## Problem description
Set down every line of the data exactly, skipping the pictures.

## Provided material
□ □ □ □
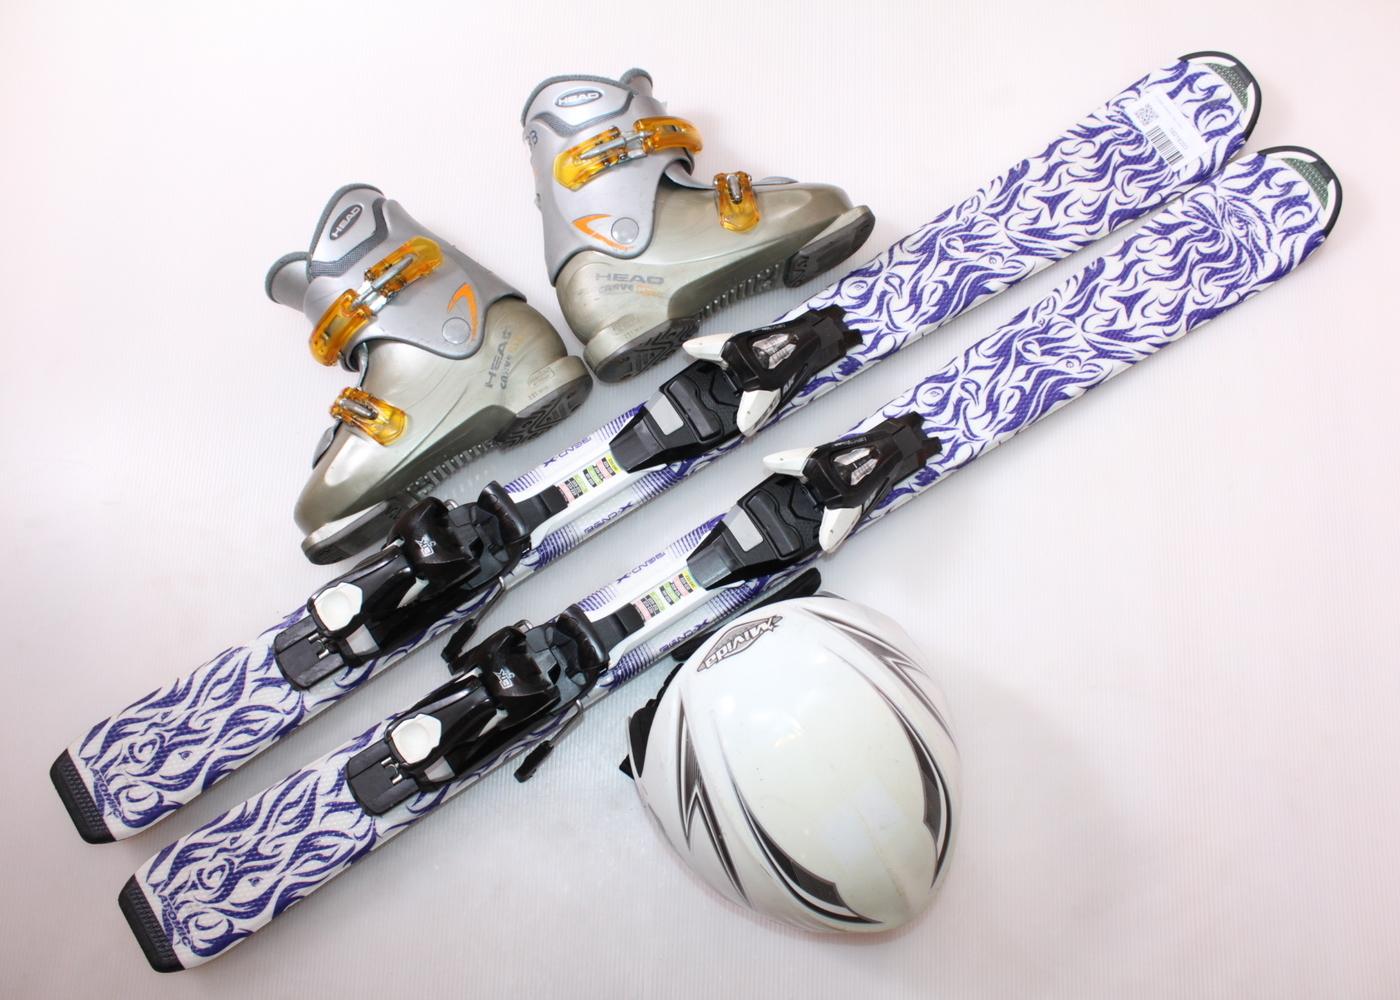 Dětské lyže ATOMIC ANIMAL FUN 110 cm + lyžáky  34EU + helma
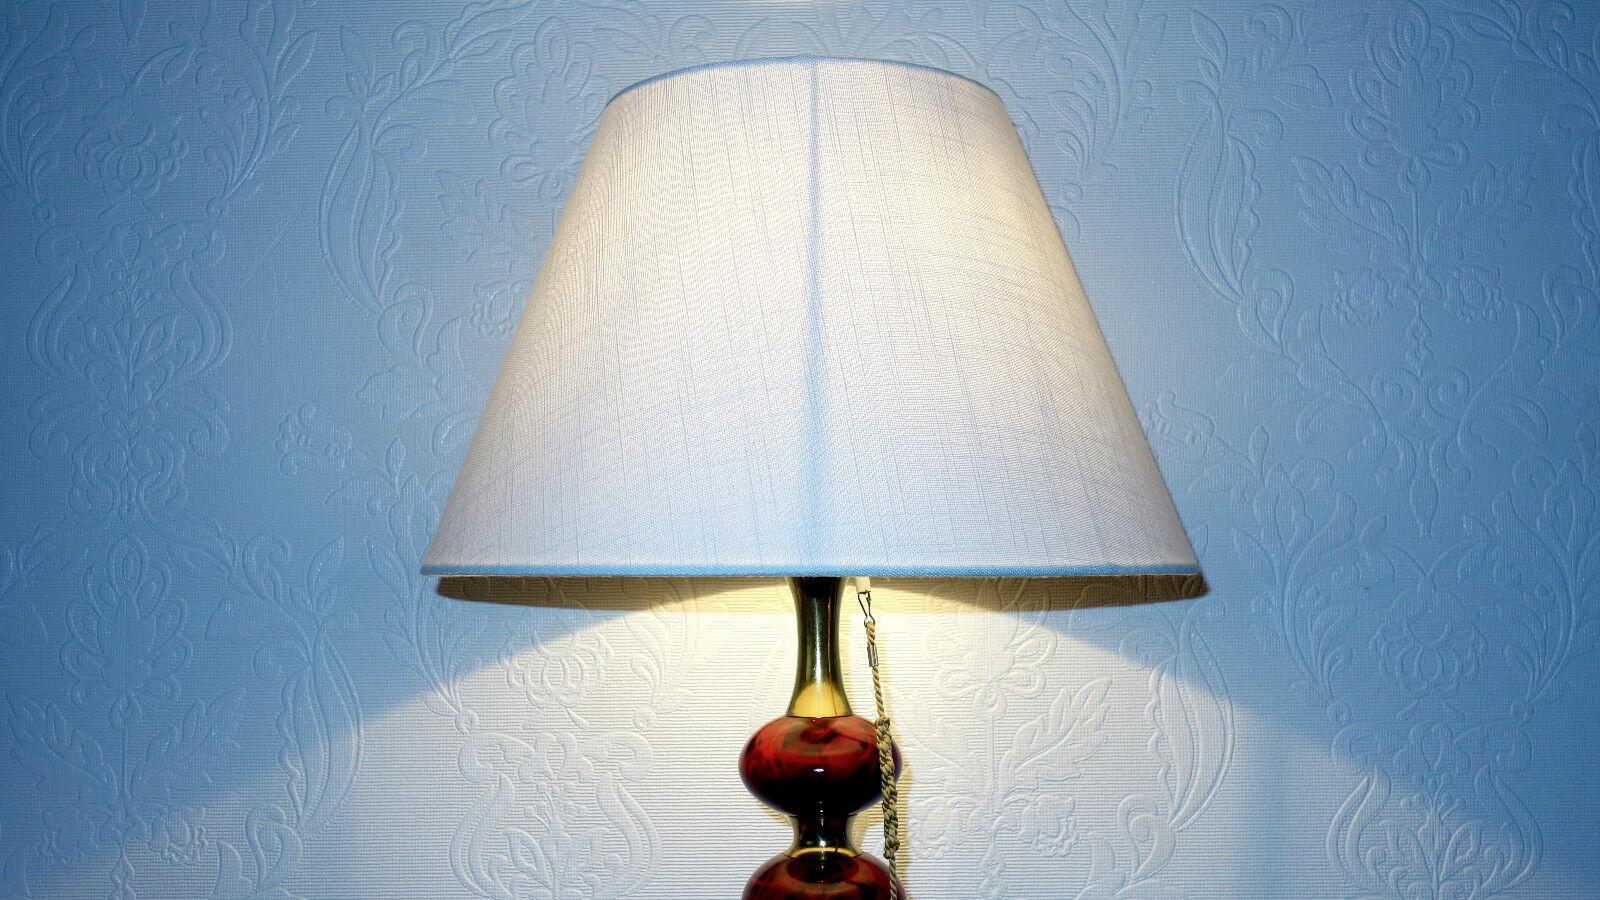 Antique laiton-bois tissu Parapluie lampe bureau de bureau lampe 1 brûleurs 75 cm haut 144053
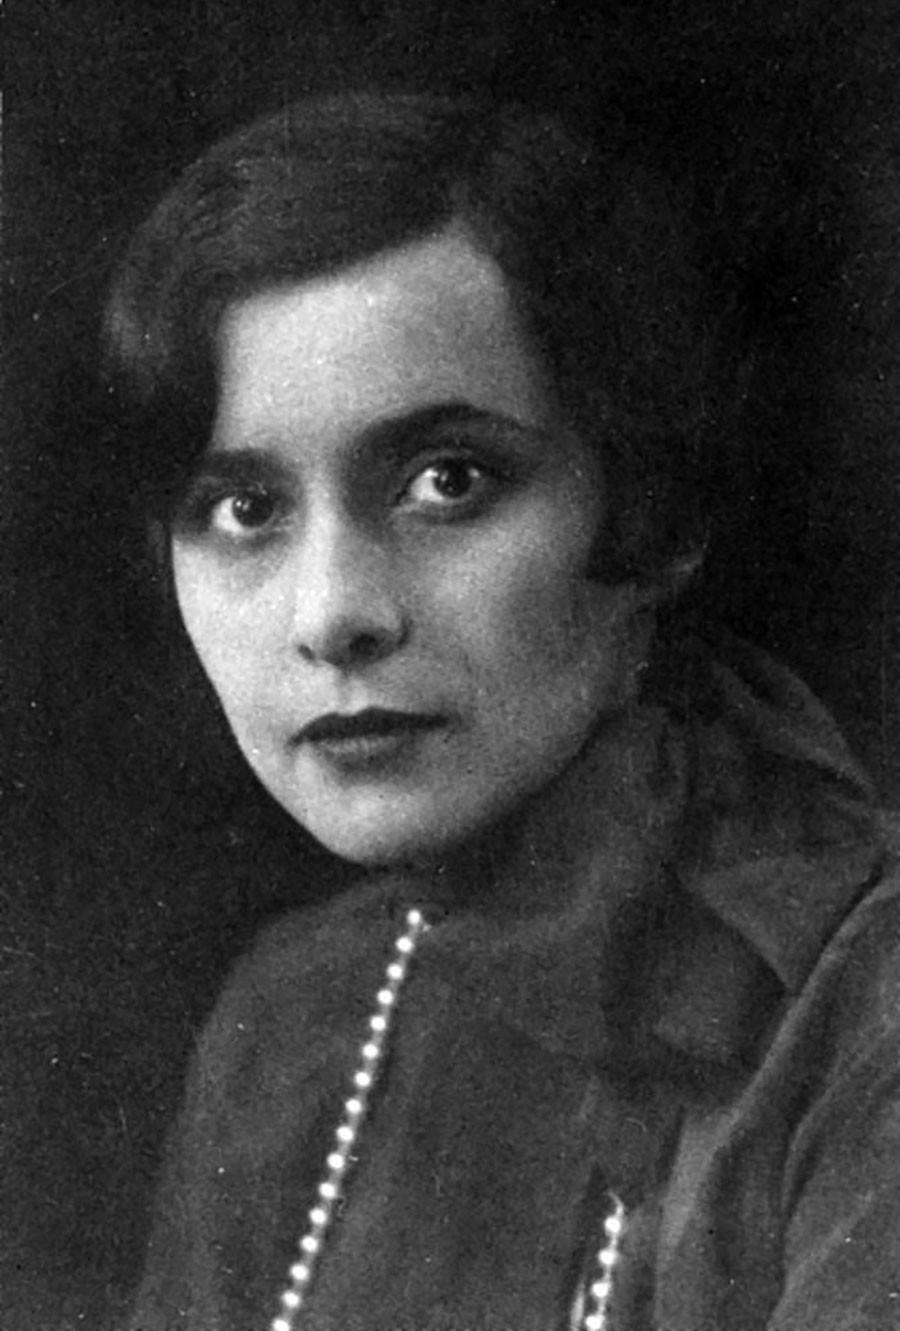 En 1950 Berberova est partie pour les États-Unis.
□ □ □ □
## Worked solution
 Dětské lyže ATOMIC ANIMAL FUN 110 cm + lyžáky  34EU + helma
 Antique laiton-bois tissu Parapluie lampe bureau de bureau lampe 1 brûleurs 75 cm haut 144053
 En 1950 Berberova est partie pour les États-Unis.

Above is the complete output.